In the US, annual rises in consumer prices peaked at just over 9% in June 2022, having spent most of the previous decade around – and often below – the Federal Reserve's 2% target. Banks’ inflation trading revenues increased more than fivefold in the first half of that year compared with 2019, when they made around US$550m over the same period, according to BCG Expand. 

Volume surge

Inflation has since cooled considerably to 2.7% in July in the US but its path remains the subject of fierce debate. Dariush Mirfendereski, co-head of flow and structured rates for EMEA at MUFG, said there have been several inflation-inducing or reducing themes this year including tariffs, conflicts in the Middle East and a series of economic releases that have been critical for indicating when central banks might cut interest rates – and by how much.

“Those all have implications for inflation markets, particularly at the front end of the curve,” said Mirfendereski. “When you have volatile markets, you get these ructions in flows as counterparties rush to cover or add to their risk positions. So it leads to an environment where you see a lot more activity.”

Inflation swap volumes rose 58% to a record US$1.9trn in the first half of the year, according to ISDA. Sterling inflation-linked bond trading volumes increased 22% to a record £186.5bn, according to Tradeweb, while euro volumes were up 8% to €133.5bn.

The most intense period of activity came in the wake of April’s 'liberation day', when Trump announced sweeping tariffs against US trading partners. Investor expectations of inflation sank as stock markets plunged, with five-year US breakevens declining from 2.61% at the end of March to 2.25% three weeks later, according to Federal Reserve data. Breakevens are market expectations of average inflation over a given period as measured by the difference in yield between inflation-linked and nominal bonds.

“Inflation breakevens have a strong correlation with risk assets like stocks during times of stress. We saw a sharp drop in breakevens when the S&P 500 took a big hit after 'liberation day' and then they recovered as the stock market recovered,” said Mirfendereski. “That stress period caused big movements and flows in longer-term measures of inflation, but also in the front end.”

Developing market

Alongside the structural move higher in trading volumes there's also been “a big development” in the scope of inflation products available in the market, Spielfogel said.
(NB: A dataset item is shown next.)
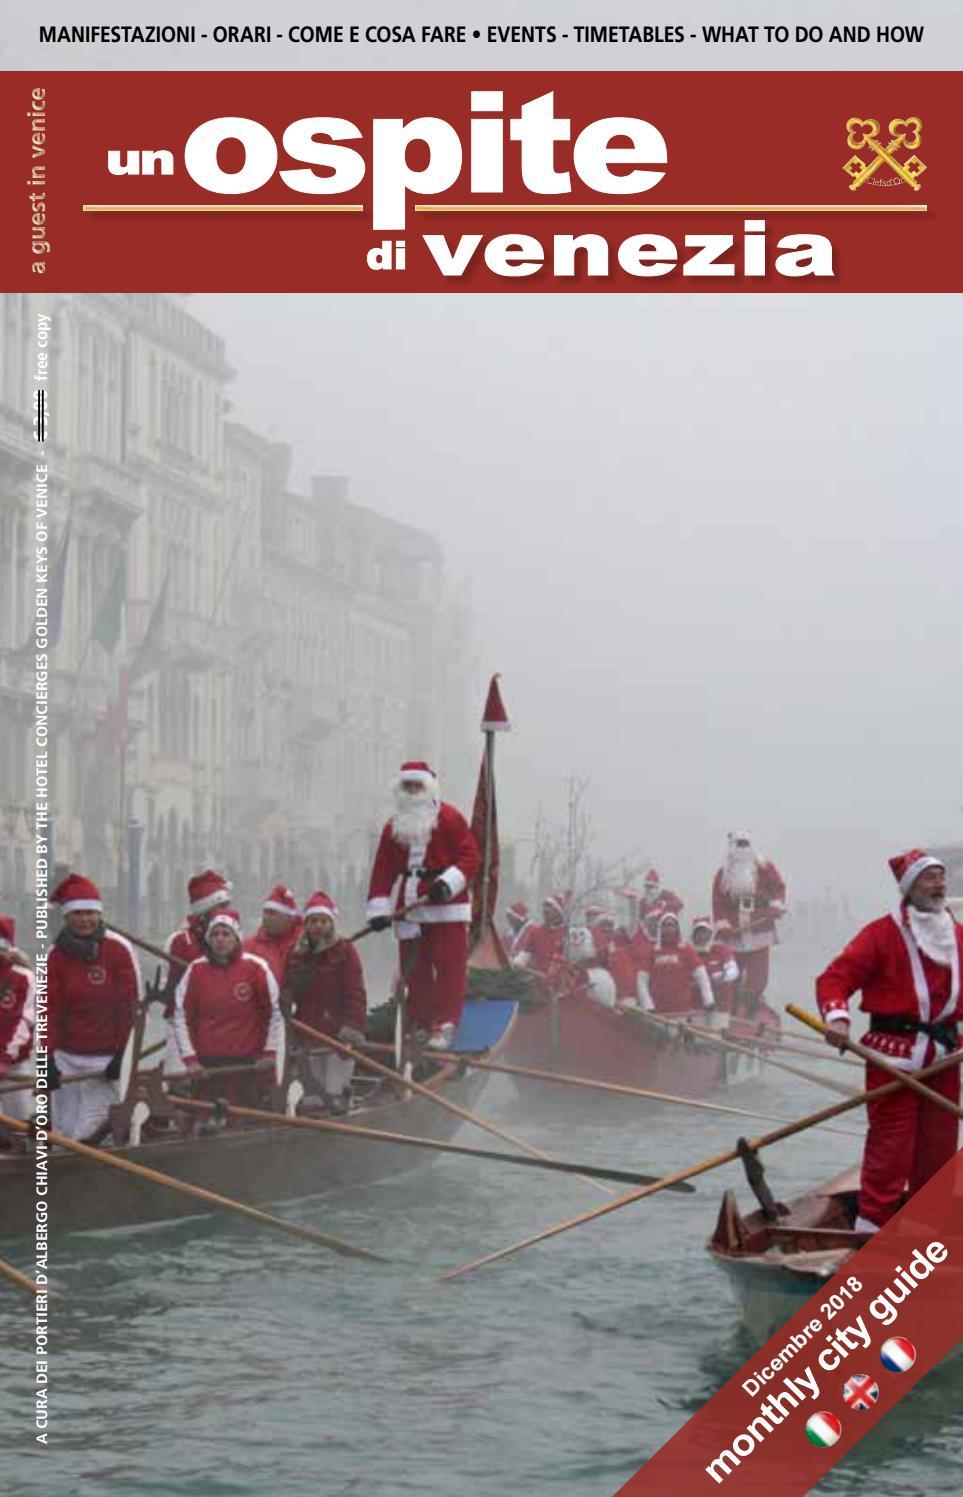 Atmosfere di Natale a Venezia | un Ospite di Venezia | 12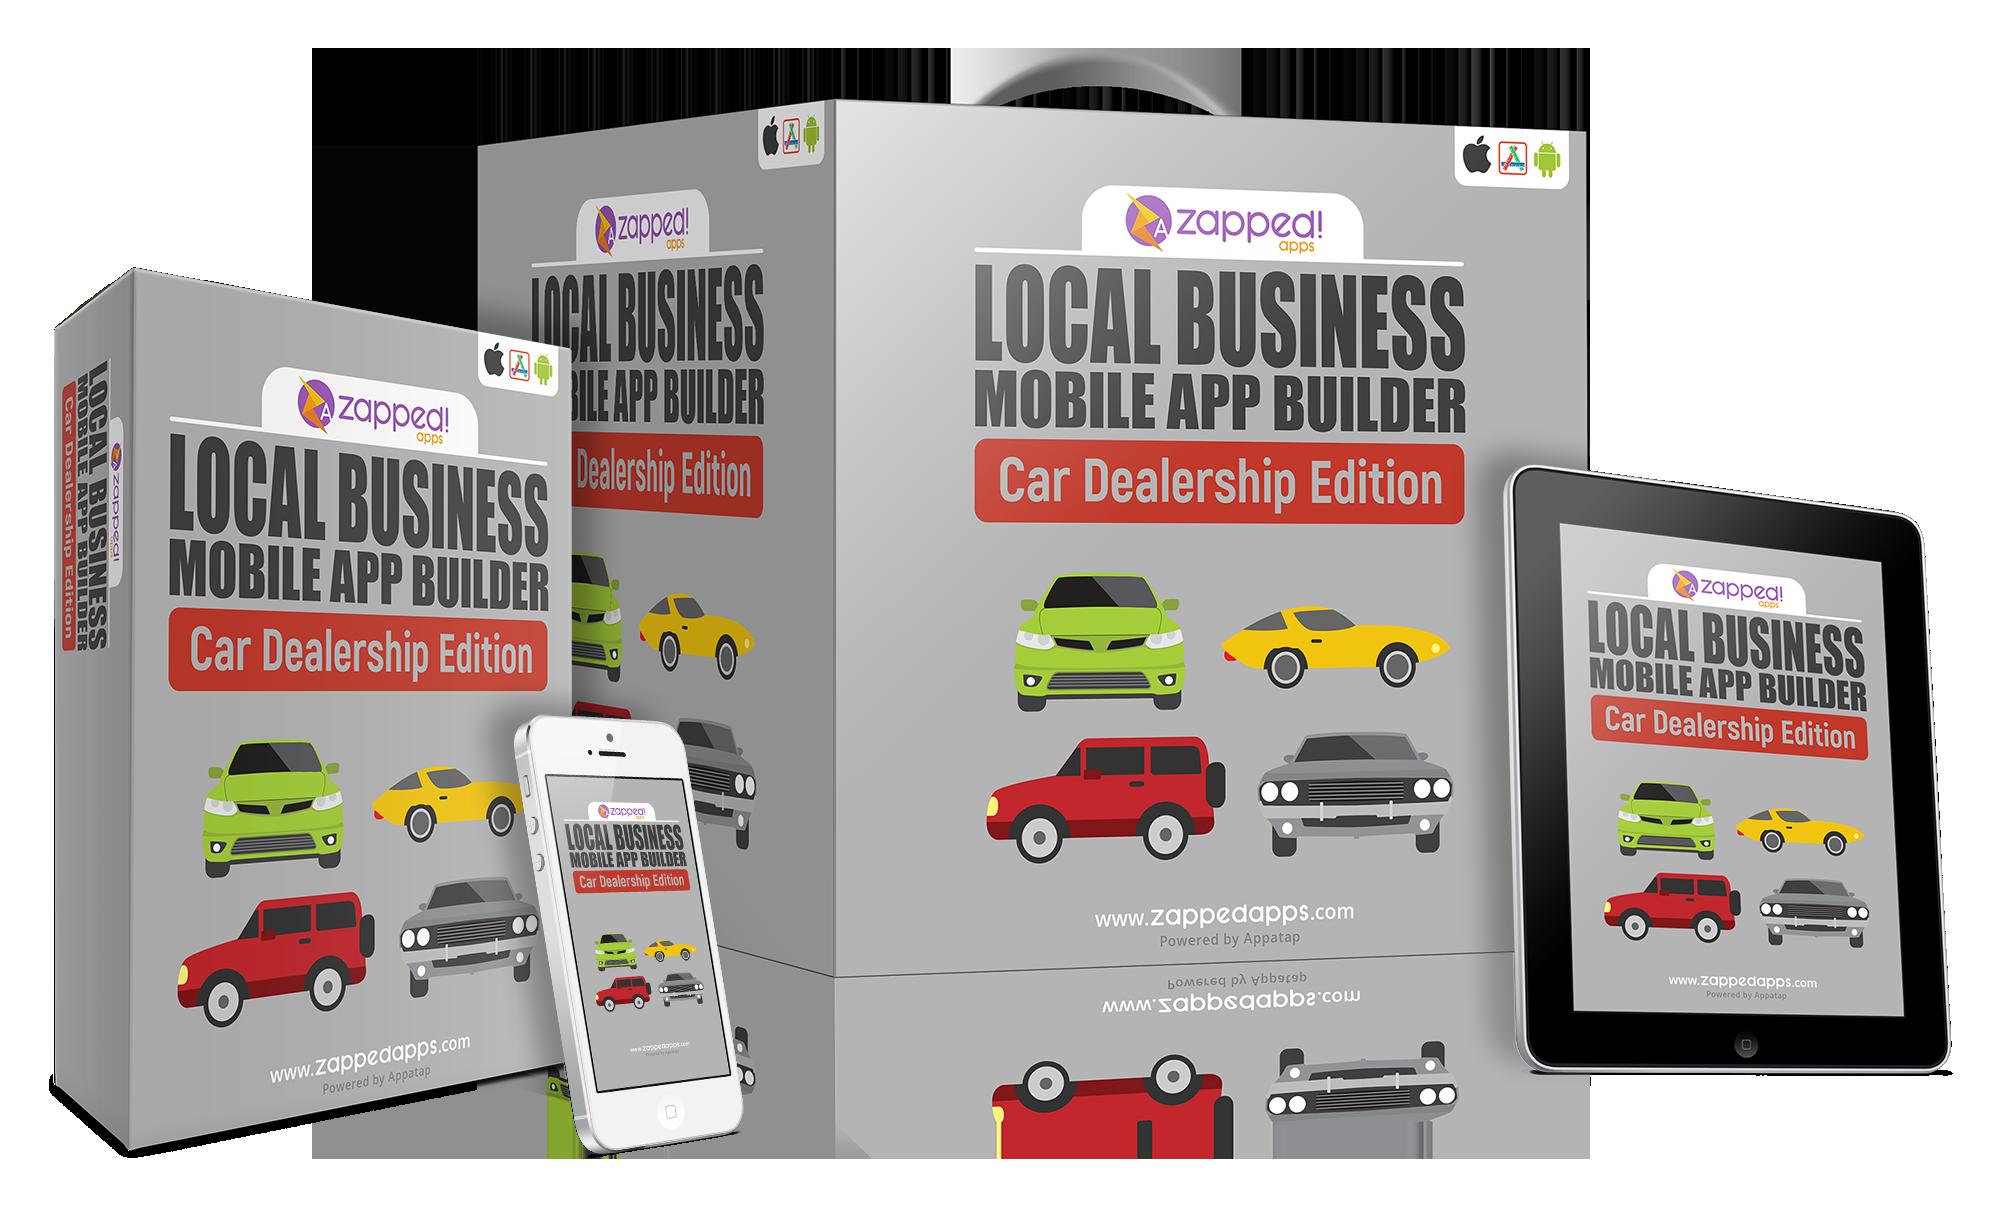 Local Biz Mobile App Builder Car Dealership Edition Ian del

Citi has seen inflation options grow “pretty significantly” this year, she said, and the bank has also created and traded inflation swaptions for the first time.

Traders expect inflation to remain in the spotlight in the months ahead. Market consensus holds that recent economic data have cleared the way for the Fed to cut interest rates in September, even though many economists predict tariffs could yet push consumer prices higher. Trump’s efforts to bring an end to the Russia-Ukraine war could also have important implications for energy markets – and inflation.

“We continue to see increasing volatility around realised inflation, where prints are becoming less predictable," said Spielfogel. "Global trade policy is also changing the relationship between inflation in different countries. People see those as investment opportunities."